-- Problem --
The required output is a verbatim transcription of the listing, pictures excluded.

-- Recorded information --
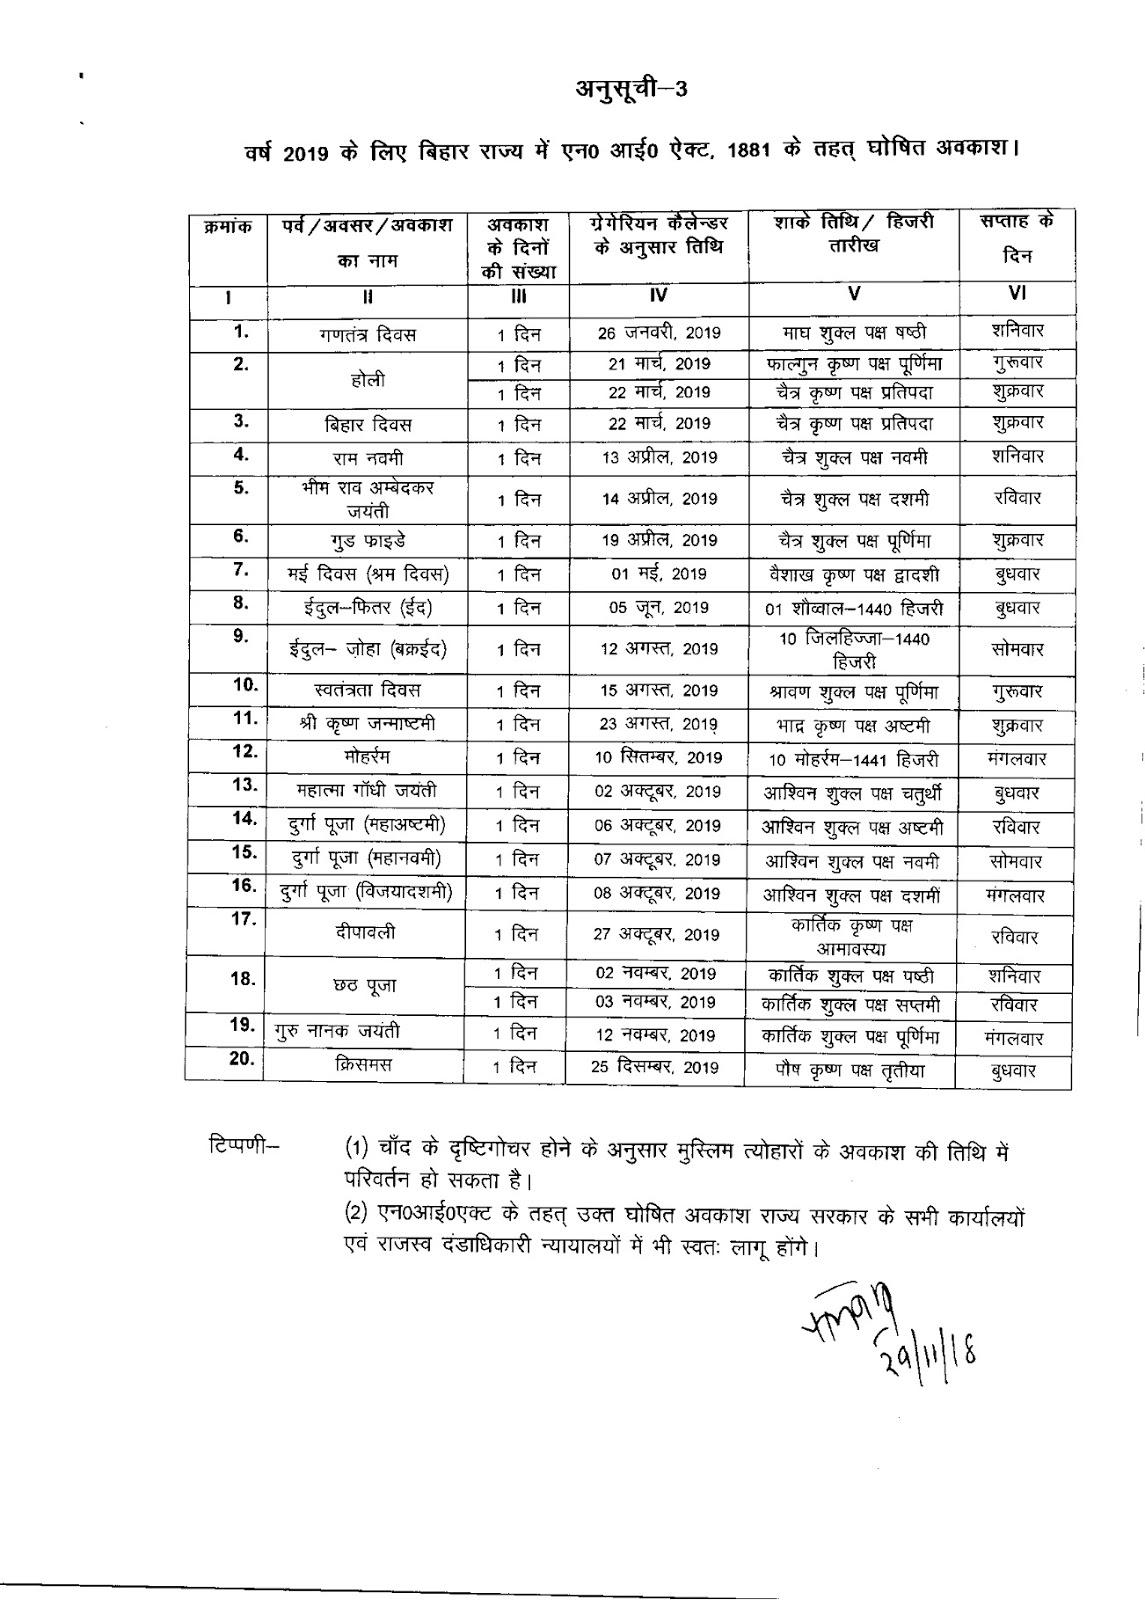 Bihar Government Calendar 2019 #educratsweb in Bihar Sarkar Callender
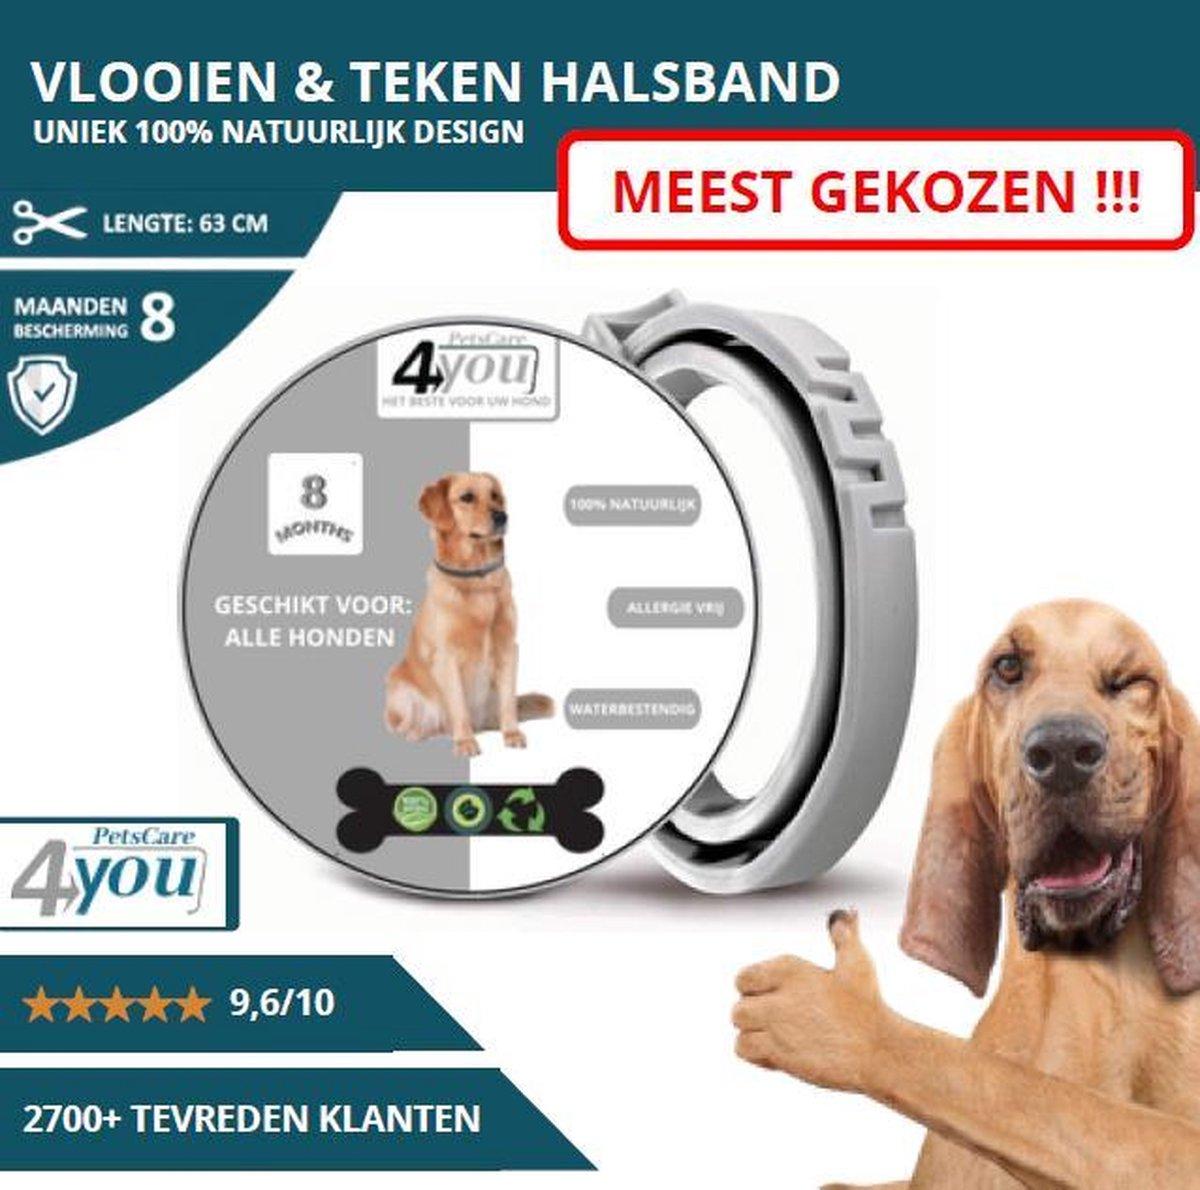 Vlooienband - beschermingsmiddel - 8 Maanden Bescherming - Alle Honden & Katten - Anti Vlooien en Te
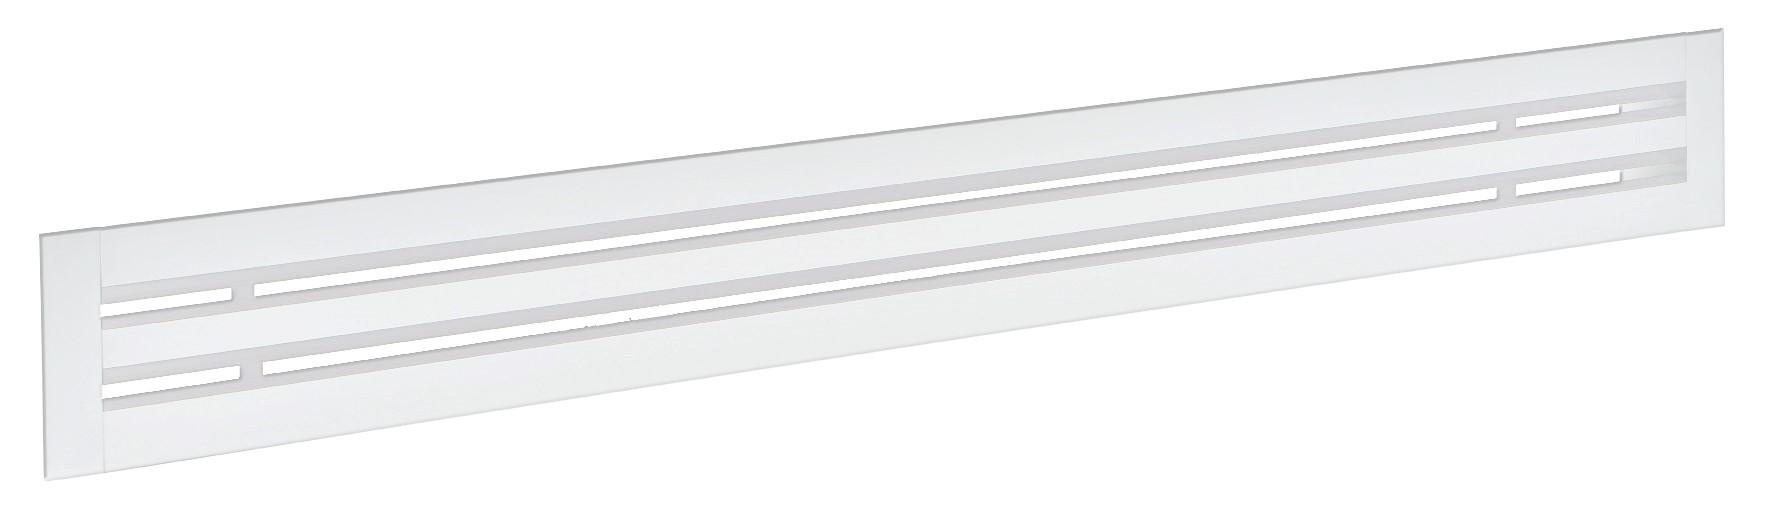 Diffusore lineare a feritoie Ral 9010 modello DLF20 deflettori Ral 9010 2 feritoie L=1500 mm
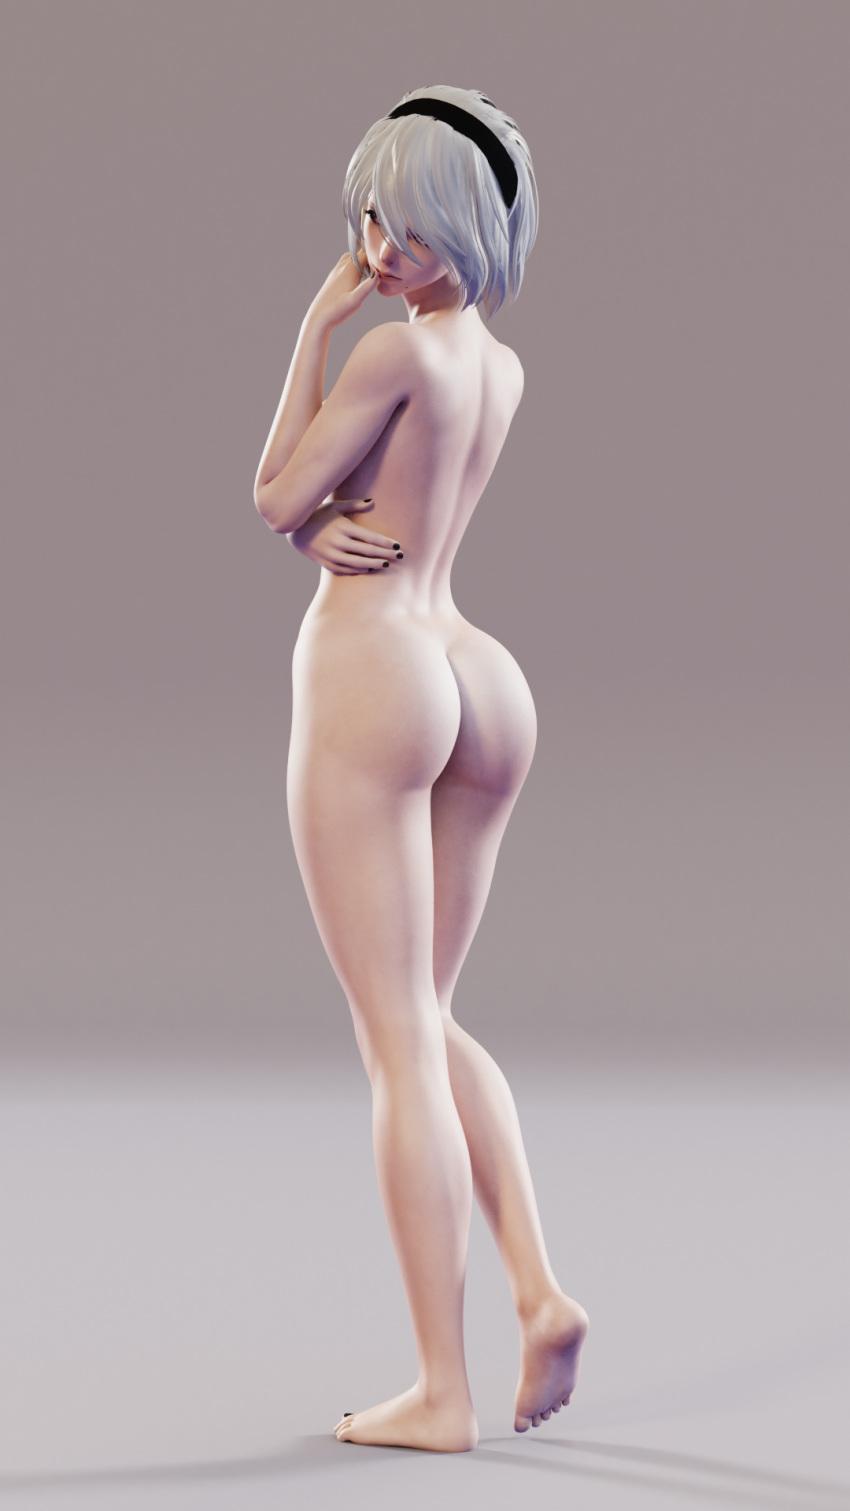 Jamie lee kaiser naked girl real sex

-- Response --
 Bihar Government Calendar 2019 #educratsweb in Bihar Sarkar Callender
 Vlooienband - beschermingsmiddel - 8 Maanden Bescherming - Alle Honden & Katten - Anti Vlooien en Te
 Diffusore lineare a feritoie Ral 9010 modello DLF20 deflettori Ral 9010 2 feritoie L=1500 mm
 Jamie lee kaiser naked girl real sex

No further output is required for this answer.